Given this piece of code:
Private Declare Auto Function GetPrivateProfileSection Lib "kernel32" _
(ByVal lpAppName As String, _
ByVal lpszReturnBuffer As Byte(), _
ByVal nSize As Integer, ByVal lpFileName As String) As Integer
Public Class IniClassReader
Public Function readWholeSection(iniFile as String, section as String) as String()
Dim buffer As Byte() = New Byte(SECTIONLENGTH) {}
GetPrivateProfileSection(section, buffer, SECTIONLENGTH, iniFile)
Dim sectionContent As String = Encoding.Default.GetString(buffer)
' Skipped code embedded in the function below, not the point of the question
return processSectionContent(sectionContent)
End Function
End Class
I figured out that buffer
contains a sequence of bytes interspersed with NULL
characters (\0
). Hence, sectionContent
value is seen by the spying variable feature as 'e n t r i e 1 = v a l u e 1 e n t r i e 2 = v a l u e 2'
. Each pair key/value is as expected followed by two NULL
characters instead of one.
I don't see why each character is stored as a two byte value. Replacing Default
by UTF8
gives the same result. I tried with a INI file encoded in UTF8 and Windows-1252 (so called "ANSI" by Microsoft).
I know how to get ride of those extra bytes:
Dim sectionContent As String = Encoding.Default.GetString(buffer)
sectionContent = sectionContent.Replace(Chr(0) & Chr(0), vbNewLine).Replace(Chr(0), "")

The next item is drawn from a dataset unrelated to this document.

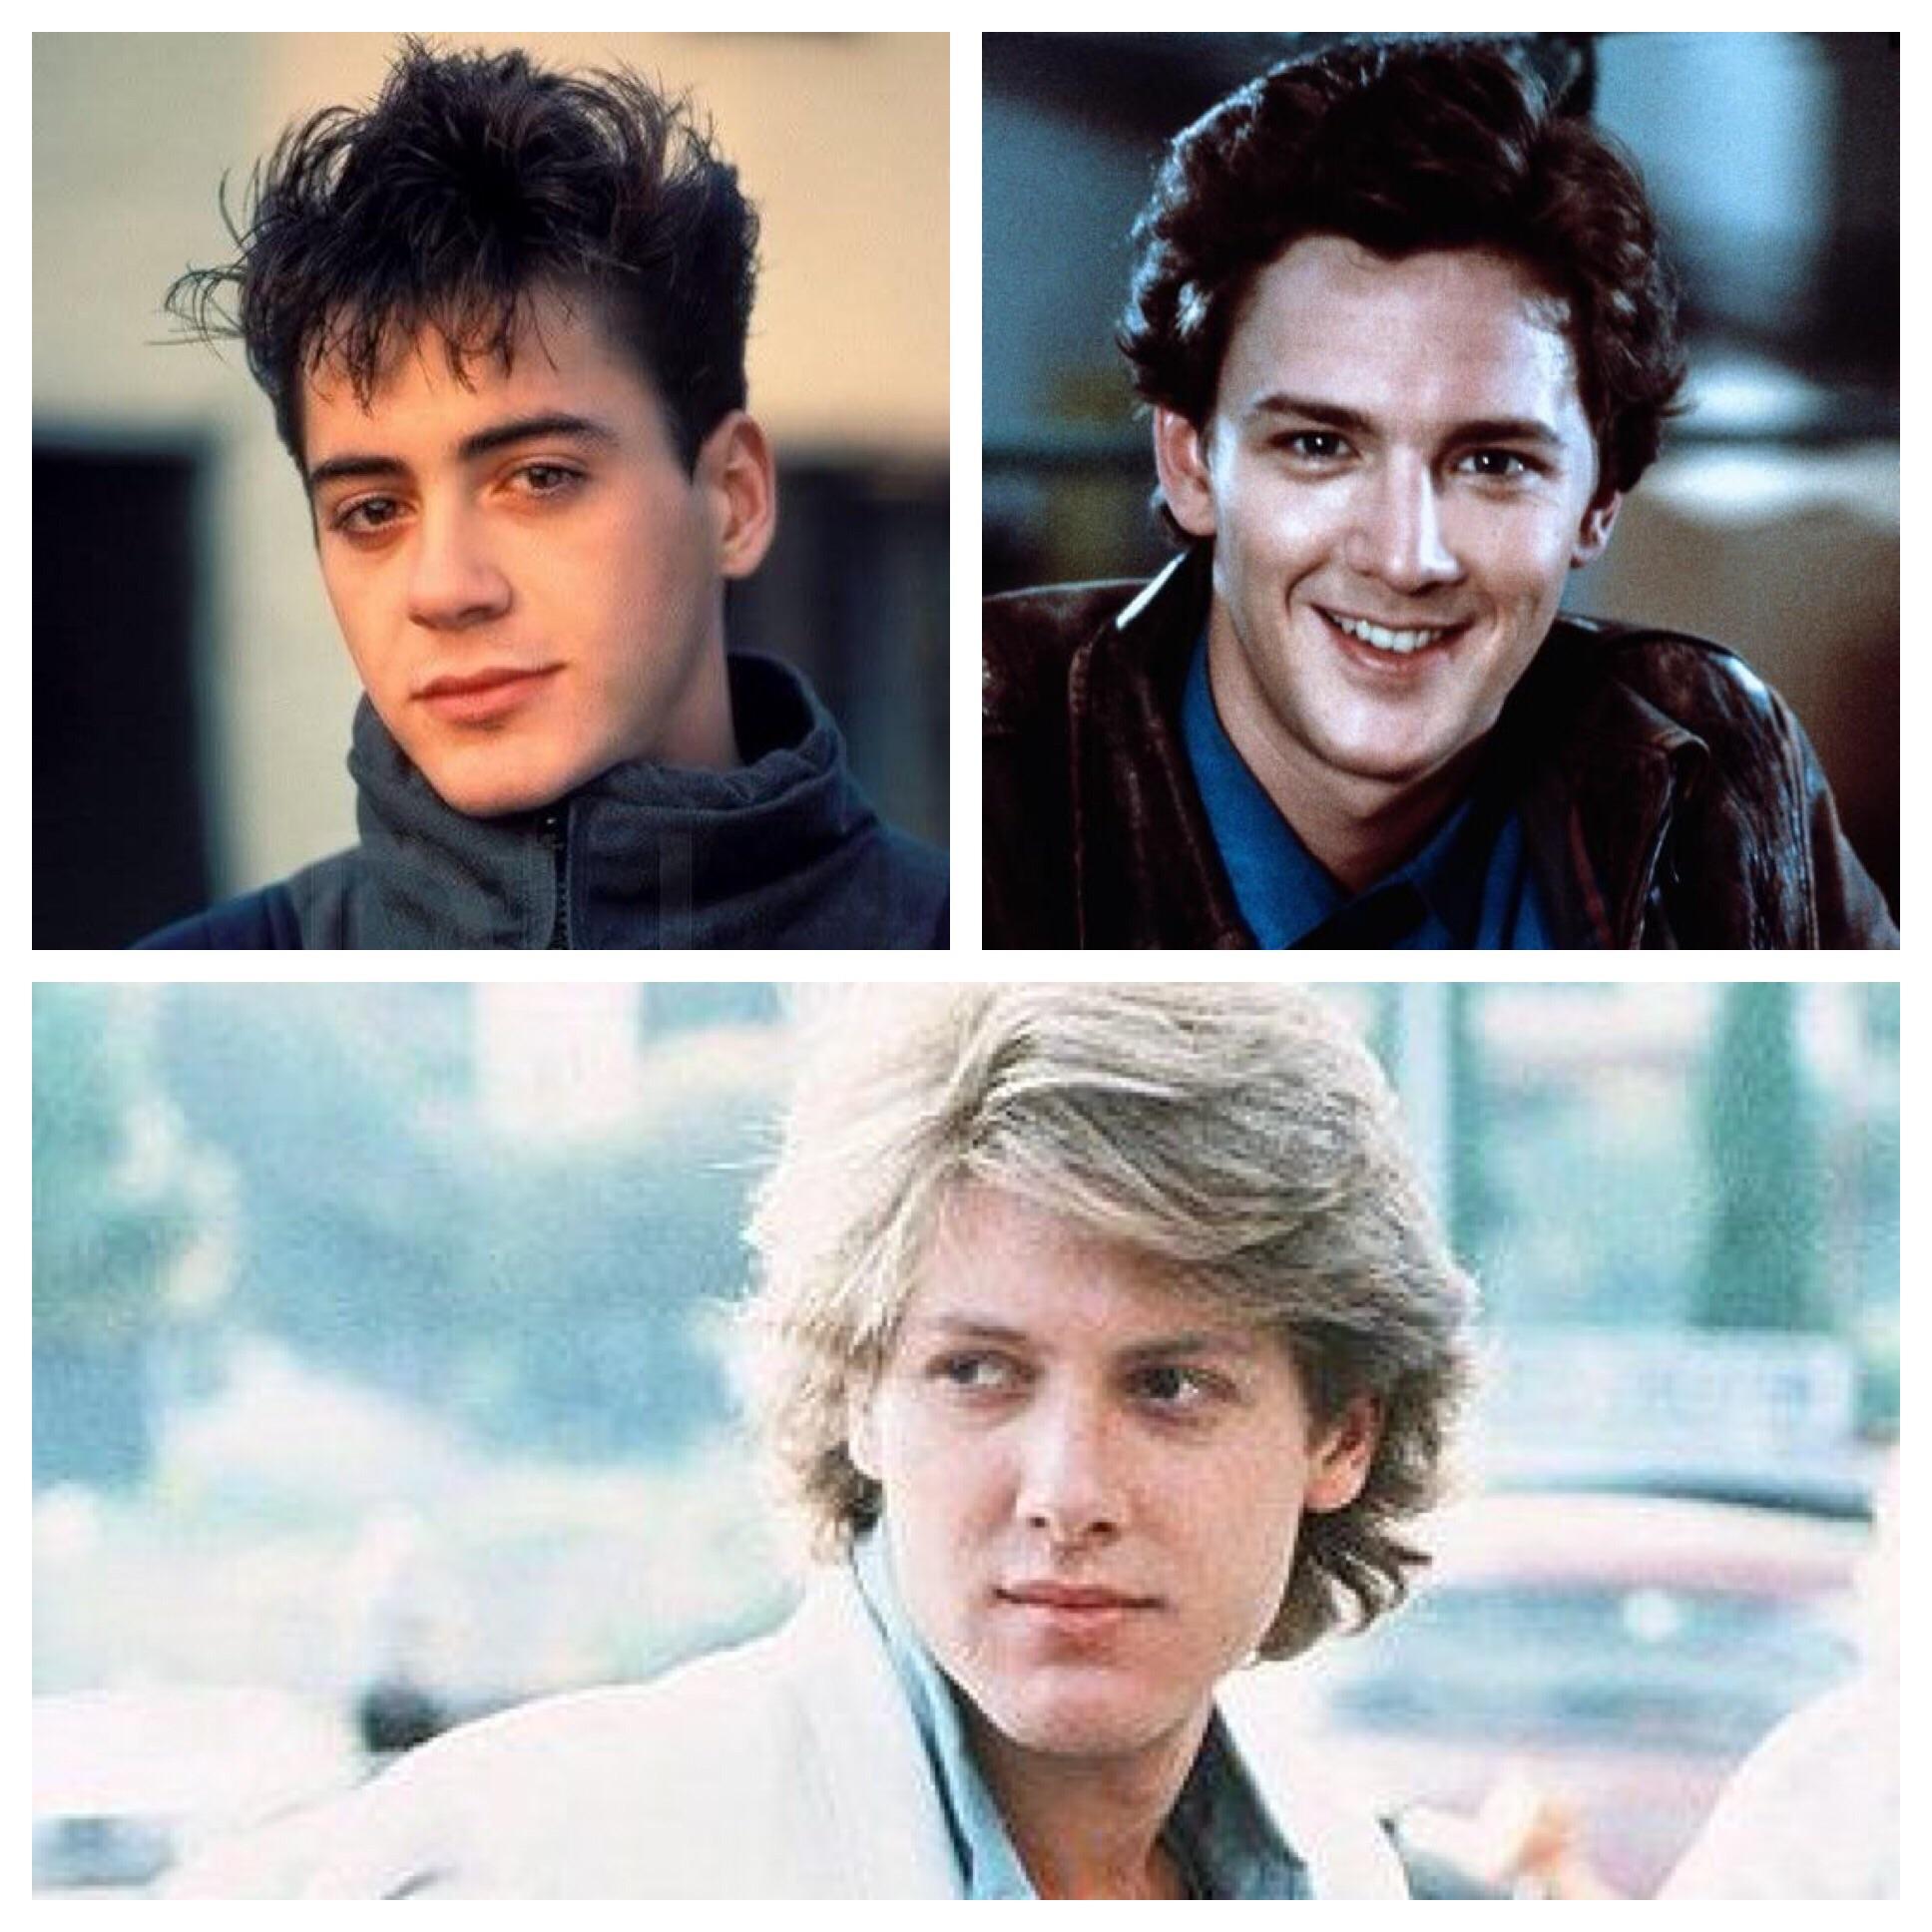 80’s movie heart throbs! Robert Downey Jr. , Andrew McCarthy and James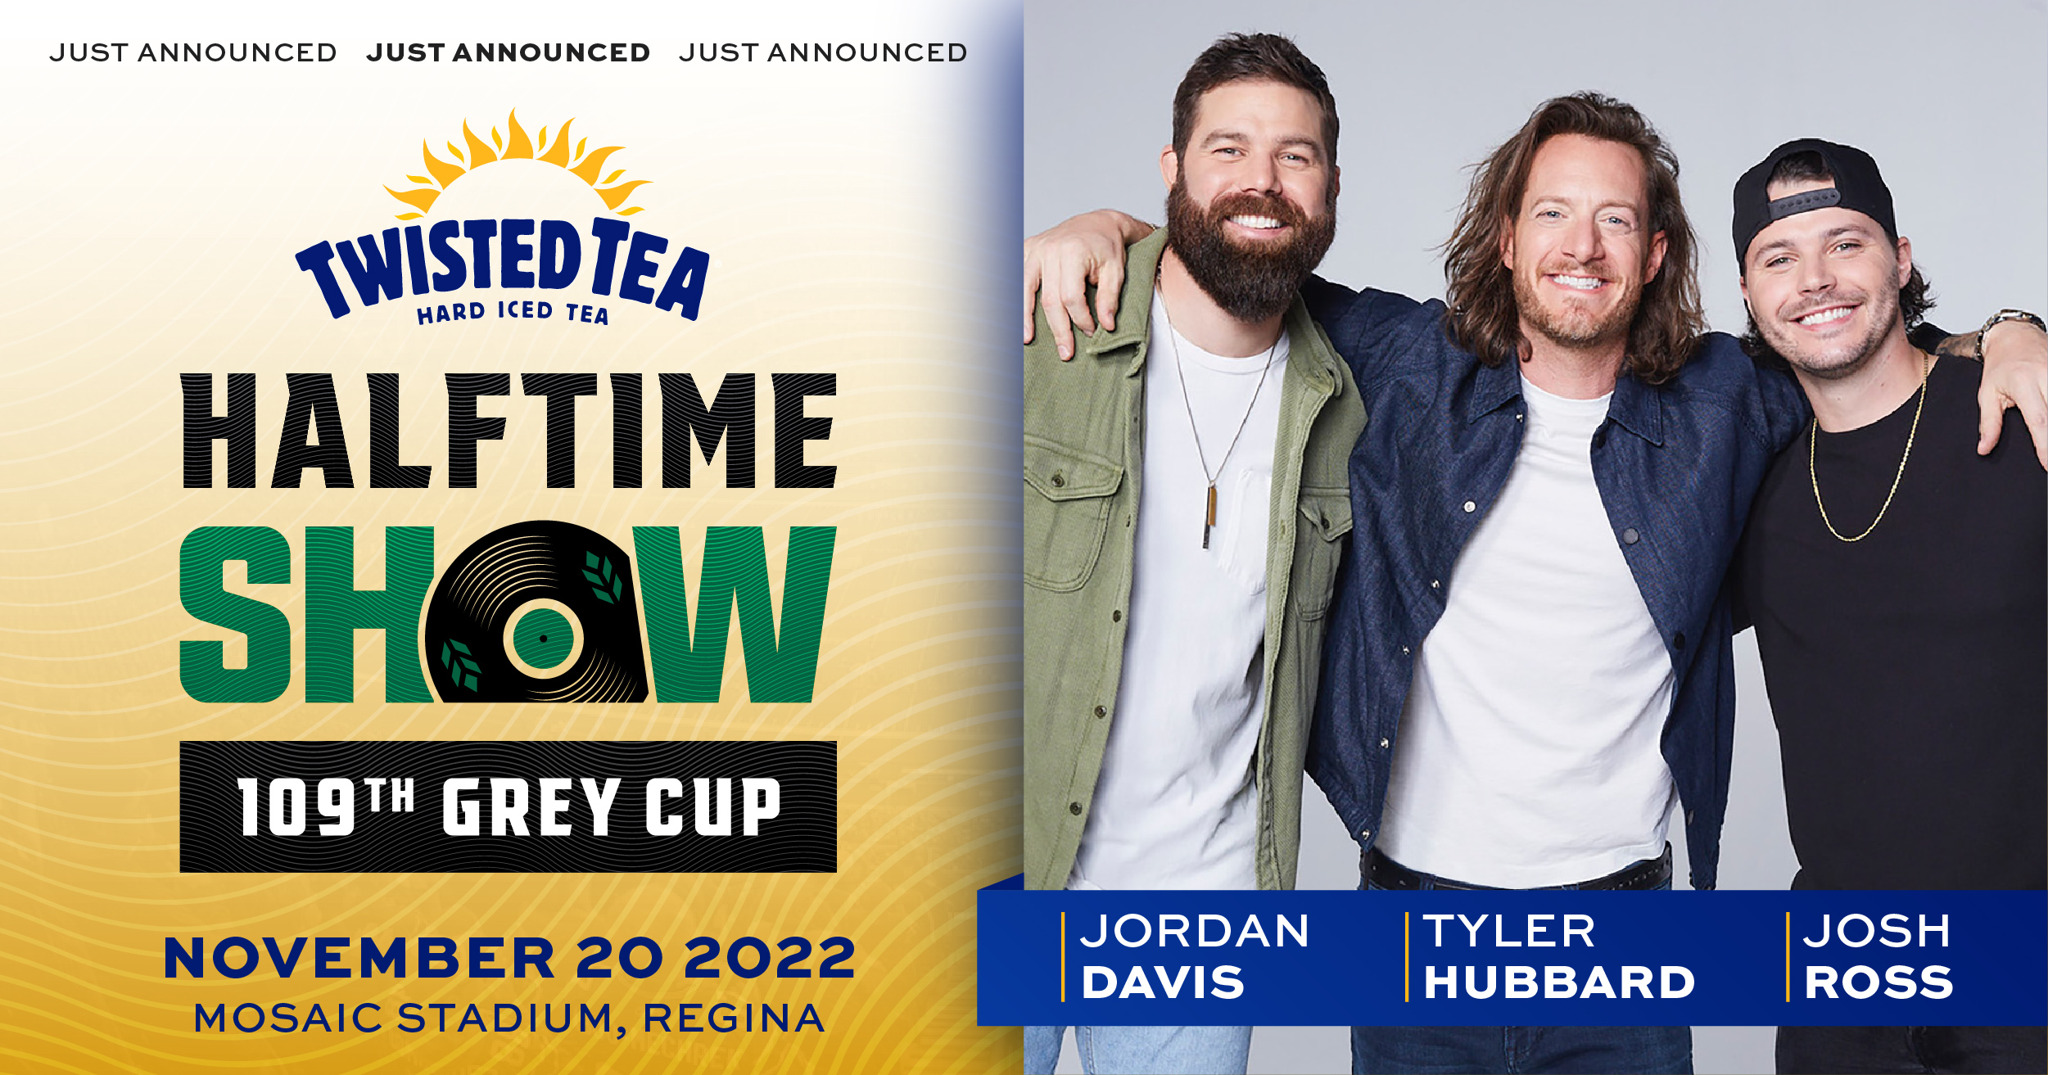 COUNTRY ALLSTARS UNITE FOR TWISTED TEA GREY CUP HALFTIME SHOW

But I want to understand what's going on here to apply the best solution instead of some sloppy hack working only on some cases.
The bytes are UTF-16 encoded text. It looks like null character padding because all of your text consists of characters whose encodings fit in the low byte.
The Windows API exposes both an "A" and a "W" version of the function, with the "A" version working in narrow strings and the "W" version working in wide strings. The default for the Windows NT family tree (thus all Windows since XP) is wide as UCS-2/UTF-16 is the "native" Windows character encoding.